DIRECTOR
Bajo este epígrafe no voy a ocuparme del director de la Hacienda, ni del director de los hospitales, ni de otra clase de directores: sólo voy
a hablar del director de conciencia, o sea del director espiritual, que dirige
a los demás hombres y es el preceptor del género humano. Sabe y enseña lo que se debe hacer y lo que debe omitirse en todos los casos posibles.
Sería útil que hubiera en todas las cortes un hombre de «conciencia», al que el monarca consultase en secreto en algunas ocasiones, y que se atreviera
a decirle: Non licet. Luis el Justo no hubiera inaugurado su triste reinado asesinando
a su primer ministro y encarcelando a su madre. ¡Cuántas guerras tan funestas como injustas hubieran evitado los buenos directores! ¡Cuántas crueldades hubieran
podido impedir! En cambio, muchas veces, creyendo consultar con un cordero, se consulta con un zorro, y yo quisiera averiguar quién
fue el director de conciencia que aconsejó las matanzas de la Saint-Barthelemy.
El Evangelio no habla de directores ni de confesores. En los pueblos paganos no sabemos que tuvieran directores Escipión, Fabio, Catón, Tito, Trajano y los Antoninos.

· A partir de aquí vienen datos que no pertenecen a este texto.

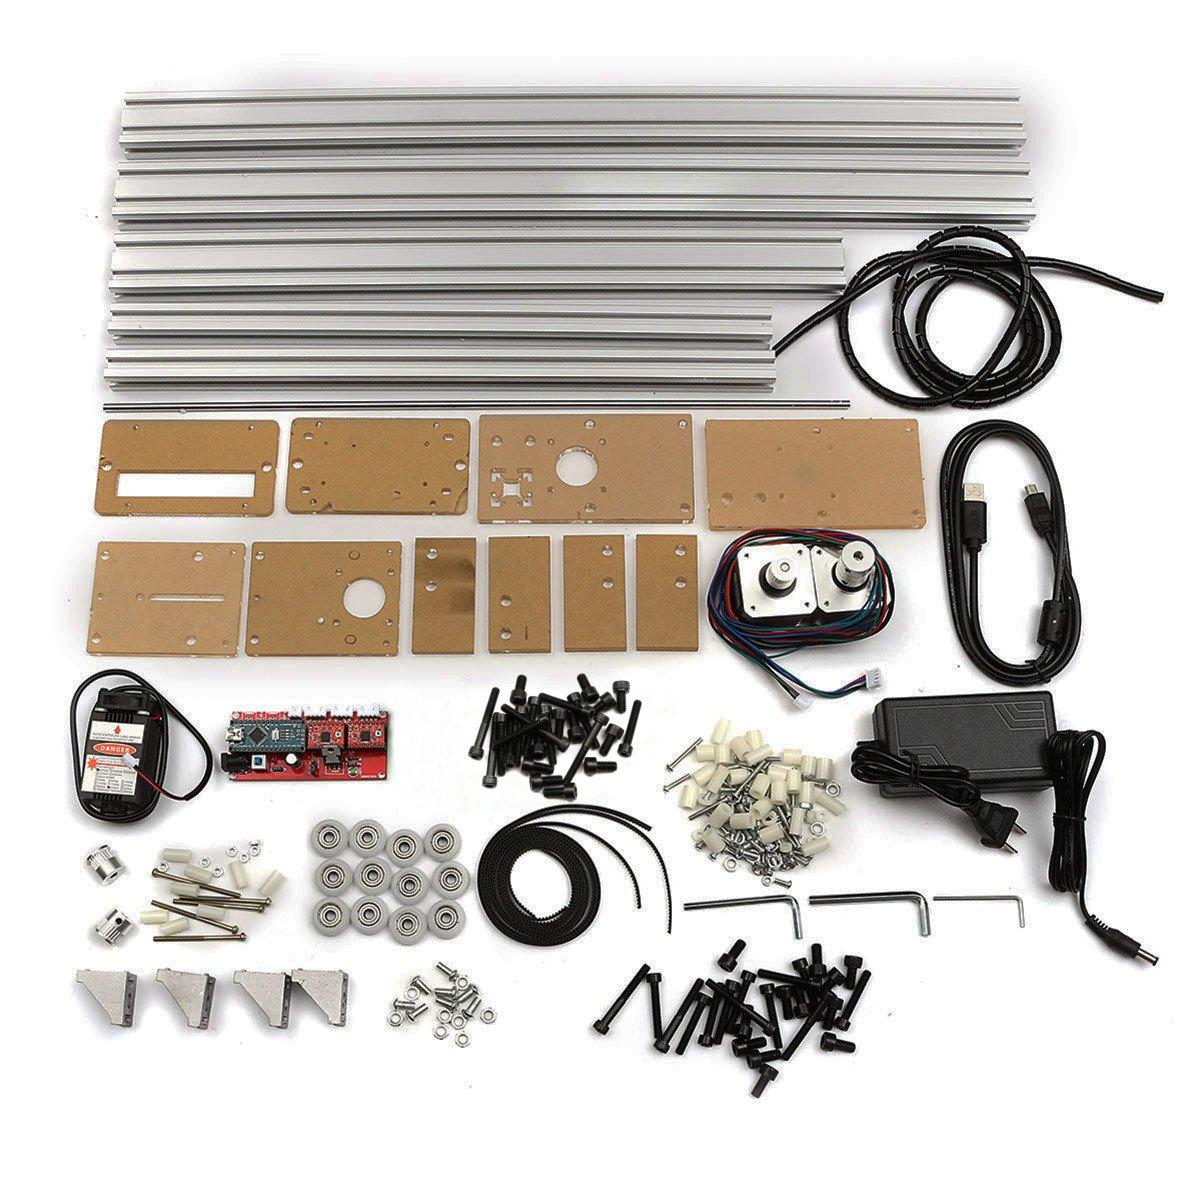 40X50CM 500mW DIY Desktop Mini Blue Laser Engraving Engraver Machine Wood Router/Cutter/Printer/Power Adjustable Laser

Bueno es tener un amigo escrupuloso que nos recuerde el deber; pero la conciencia debe dirigir todos nuestros actos.
Cierto hugonote se quedó sorprendido de que una dama católica le dijera que tenía un confesor para absolverla de sus pecados y un director para evitar que los cometiera. Al saberlo, el hugonote le contestó: «Señora, ¿cómo puede hacer agua vuestro buque con tanta frecuencia, dirigiéndolo dos buenos pilotos?»
Las personas doctas observan que no corresponde tener director
a todo el mundo, porque este es un cargo que sólo se desempeña en las casas de los grandes y que únicamente deben tener las damas de la nobleza. El abad Gobelin, que era un hombre avaro, sólo era director espiritual de Mad. de Maintenon. En las ciudades, los directores están encargados muchas veces de cinco
o de seis devotas al mismo tiempo, y las hacen reñir, unas veces con sus maridos, otras veces con sus amantes, ocupando con frecuencia las plazas que vacan.
¿Por qué las mujeres tienen directores y los hombres no? Por la misma razón que La Vallière entró en el convento de carmelitas cuando la abandonó Luis XIV, mientras que Turena, al verse engañado por Mad. de Coetquen, no se metió fraile. San Jerónimo, y Rufino, que fue su antagonista, eran grandes directores de mujeres casadas y solteras, y no encontraron ni un senador romano ni un tribuno militar que quisiera dejarse dirigir. Necesitan los directores del
devoto femineo sexu. Los hombres tienen para ellos demasiadas barbas, y con frecuencia demasiada fuerza de espíritu.